Nordic Game 2008

Score
 
 

We’re back from Malmö and trying sort out all our post-party paper work. This is the officially special recap from our trip and what we thought was important, amazing or just really cool. First off we also want to thank Neogames for making the trip possible for all of us Finnish students!

Games, life and everything

Score is a Finnish IGDA student club founded in 2007 summer under TAMK School of Art and Media (Tampere). We are currently focusing on networking with other schools in the Nordic region!


If you happen to know or represent one, please DO contact us via the gift of email:

score at igda.fi

Internetworking

Friends in the industry are a powerful thing and should be handled with this side up at all times! Our world’s size was once again proven with finnish developers pouring in to the same flight to Copenhagen. I could be fatally wrong, but at least Digital Chocolate, Farmind and Secret Exit were surrounding us on all fronts.

   At the party place we had the wonderful pleasure to get in talks with our friends from Remedy and Dchoc the moment we walked in and it really gave a warmly welcomed feeling. Recoil had arguably the best free candy around and Finland seemed to be generally well represented with familiar faces everywhere.

   Still, networking with old friends isn’t nearly as cool as making new ones in an event like this, so I’d really like to highlight all the academic connections we gained by tripping around. More about them later on, because now it’s time to dedicate a whole paragraph for...

Swedish students!(!!!11)

There was a group of Swedish students showcasing their awesome looking game Fairytale with a cool demo reel of other projects. All this was cool, but the real hitter for me was really their dedication without a supporting student community. They have been a year in production with expected release date in december! With over ten people in the team! Is the academic system so different in their country that they can pull off stunts like this or are they just extra tough students? I hope to find some answers in the near future as we dig in to our neighboring regions and how they do things. I’d really like to see what they could do with a well organized community backing them up, but before going in to that basket of fruits, students weren’t the only interesting people around!

Business as usual

Just to promote the most interesting contacts, Autodesk was there for us when we ran around shouting for more education. We got a contact to their local retailer who handles these sort of deal in Finland. On another front the Unity 3D team had their people on-site and their engine looks like a perfect fit for us to accompany XNA. It goes a long way to provide tools for designers to tweak all variables and important stuff like that while playing the actual game. Even more tempting, it compiles to OS X, Windows, browsers, Wii and iPhone! I suspect we’ll be seeing more of them in the future. But enough of our cool experiences, because some of these contacts really sparked our interest on a new concept, called...

International student community

Yes, yes, it’s old stuff, right? IGDA with their student SIG and all that jazz.

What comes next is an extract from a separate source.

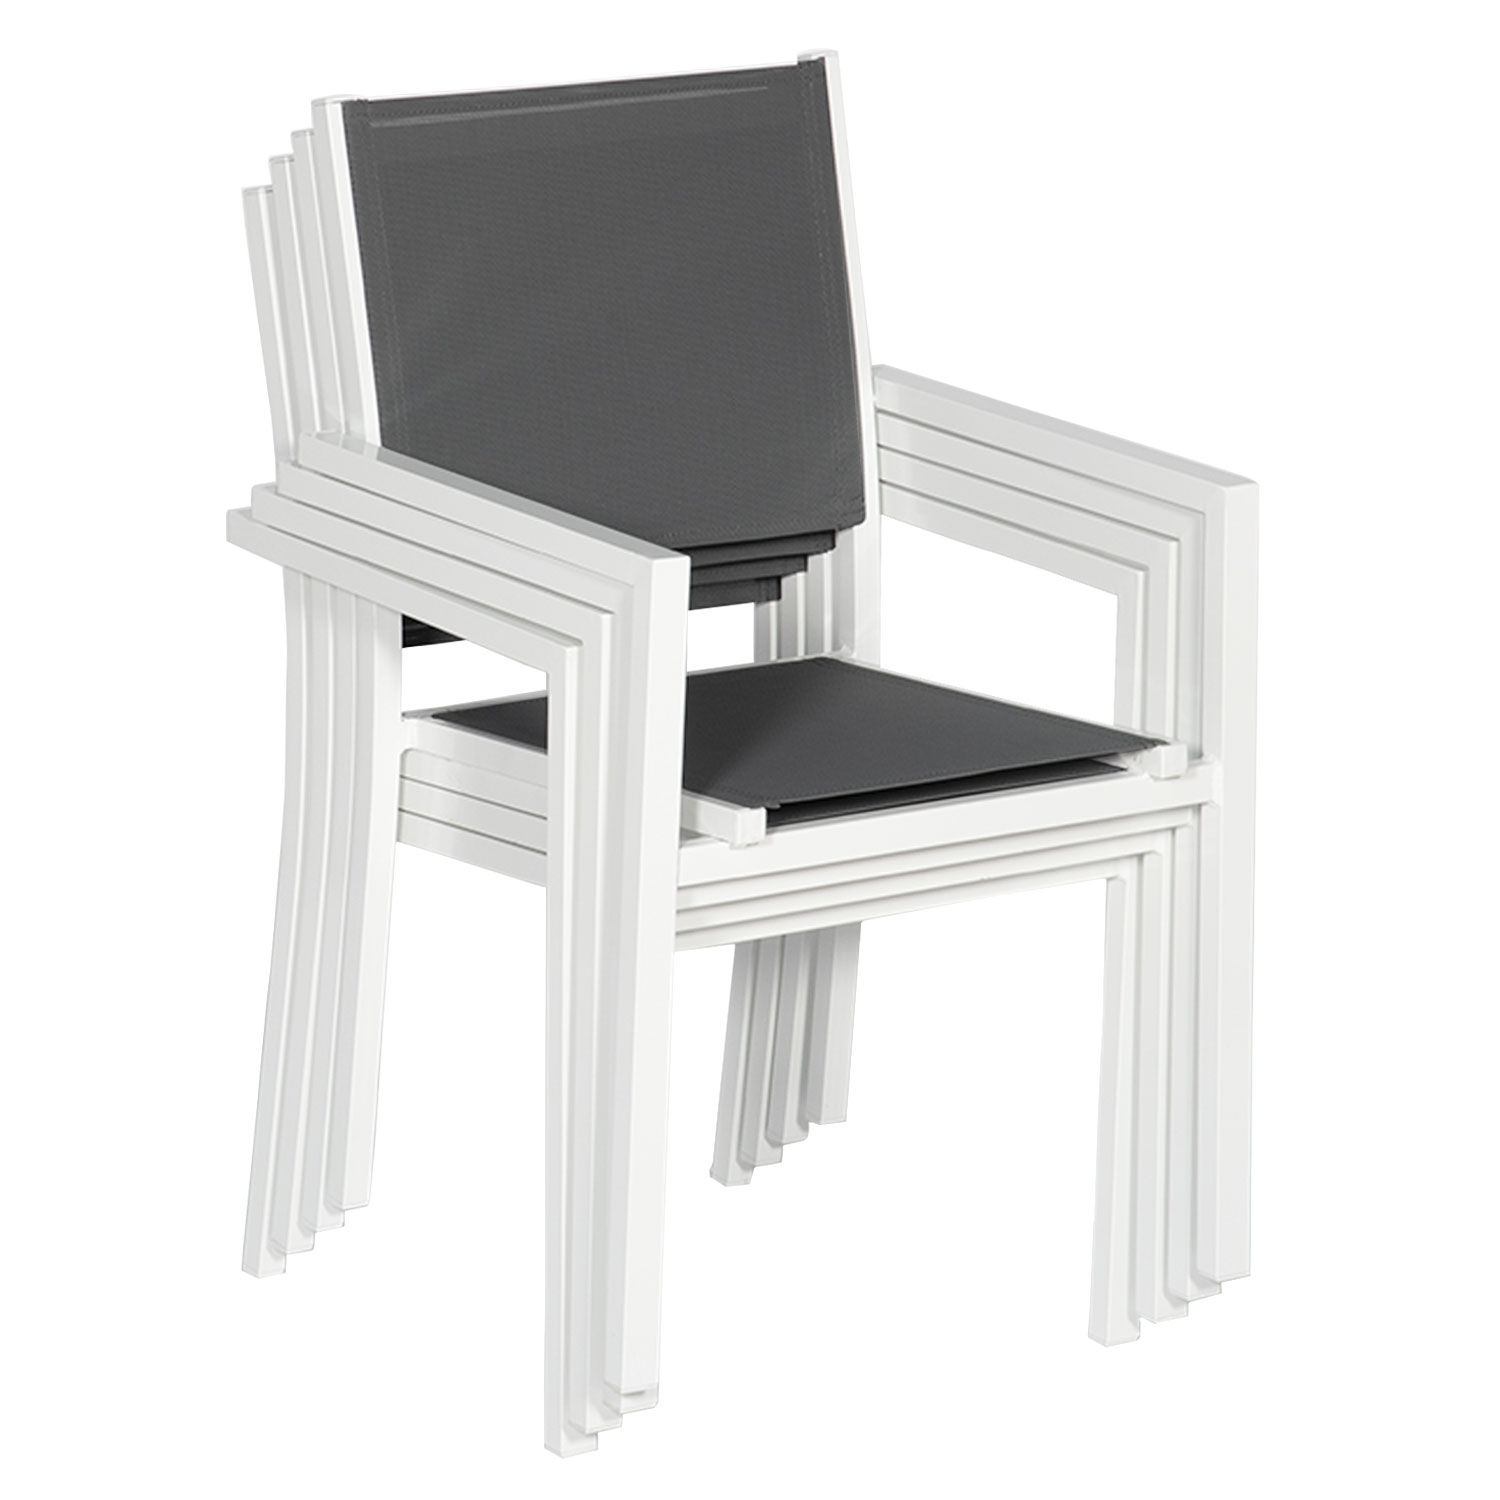 Juego de 8 sillas de aluminio blanco - textilene gris
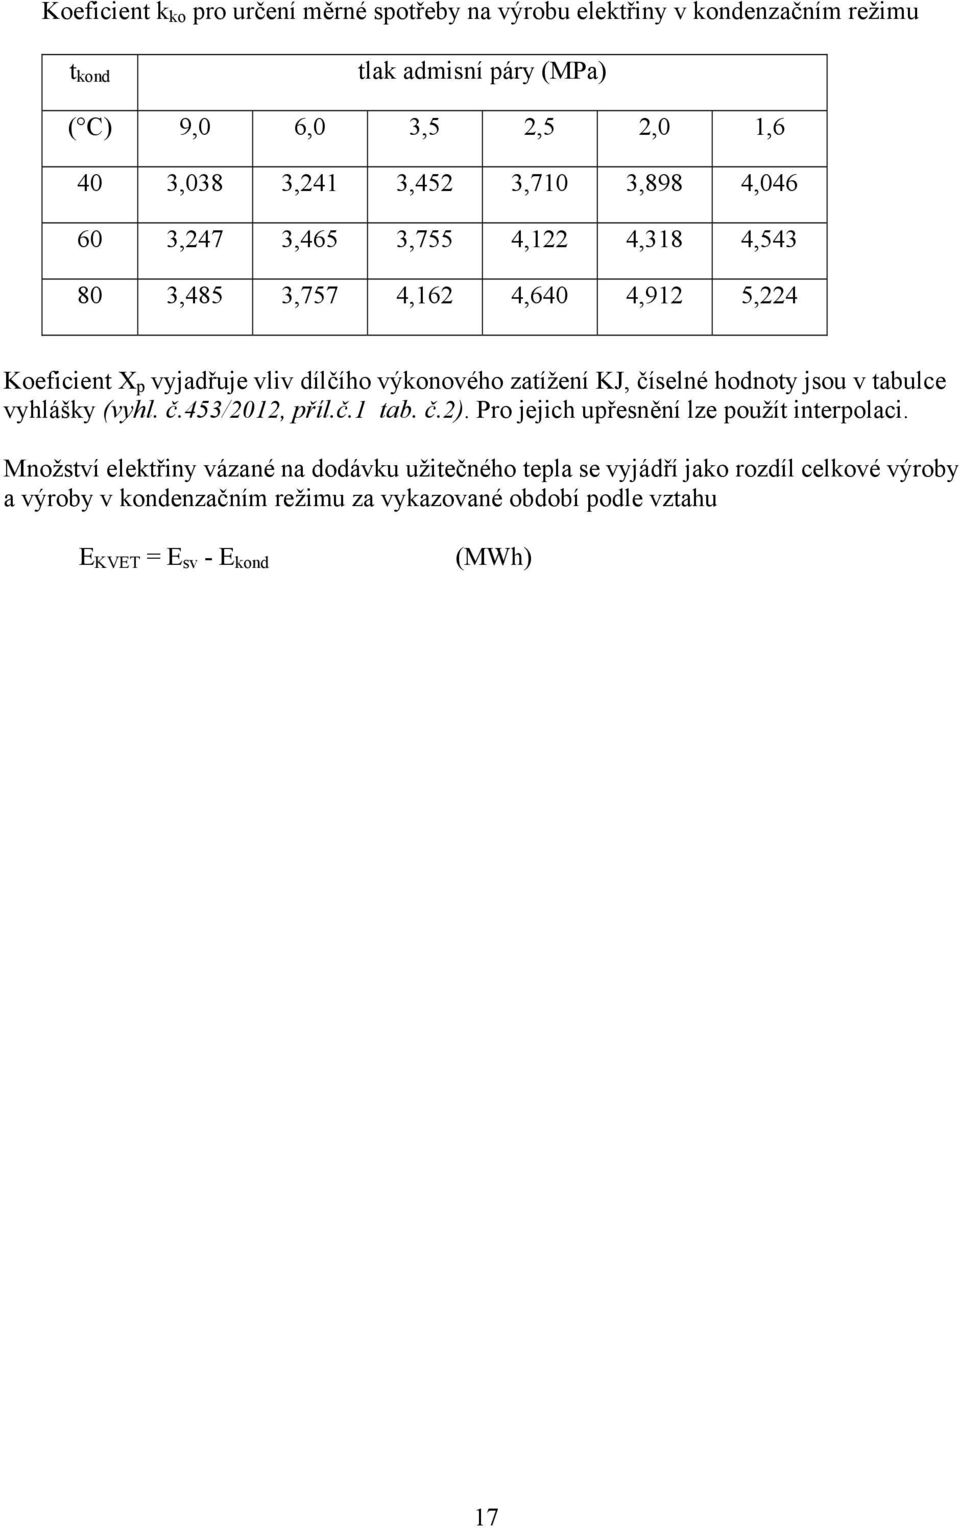 zatížení KJ, číelné hodnoty jou v tabulce vyhlášky (vyhl. č.453/2012, příl.č.1 tab. č.2). Pro jejich upřenění lze použít interpolaci.

Well haven’t seen any action!


What if there were student communities in all Nordic countries with active communication channels with each other. This is not something far fetched, people. We could collaborate on an university level with shared projects and/or technologies and at the same time promote student internships to other countries by actually introducing the possibilities to students. Our vice president Juho is working over time (his foots on MY table and typing away on his Macbook while listening to jazz, I’ll grant you that) at this very moment to introduce us to all our previously mentioned new academic contacts. This could turn out to be something really, really cool in time. But academic alliances weren’t the only thing we picked up, since before going international, there’s something we must do...

Finnish student community

Who would have thought? Before going international, we really want to sort out our local problems! Everyone around us can see the huge potential of having KAJAK, TAMK, Pelitalo, UTA, Adulta and all the other players form a big soft ball of game development awesomeness, but the world is against us. Everything is still not clear, but there seem to be some very out-of-place rivalries and grudges that actually limit the freedom our students have while trying to access all courses being held.


This is something that we as students can fix if we want to. We aren’t here to get taught what they feel like teaching, we are here to learn what we need! We can put the pressure on schools and show how things should be done by going out there and actually doing it ourselves! There’s nothing to lose and everything to win, so why are you STILL reading this crap and not actually mailing your local teacher to Score at once?!


And we had to travel all the way to Malmö just to figure this out. Sheesh.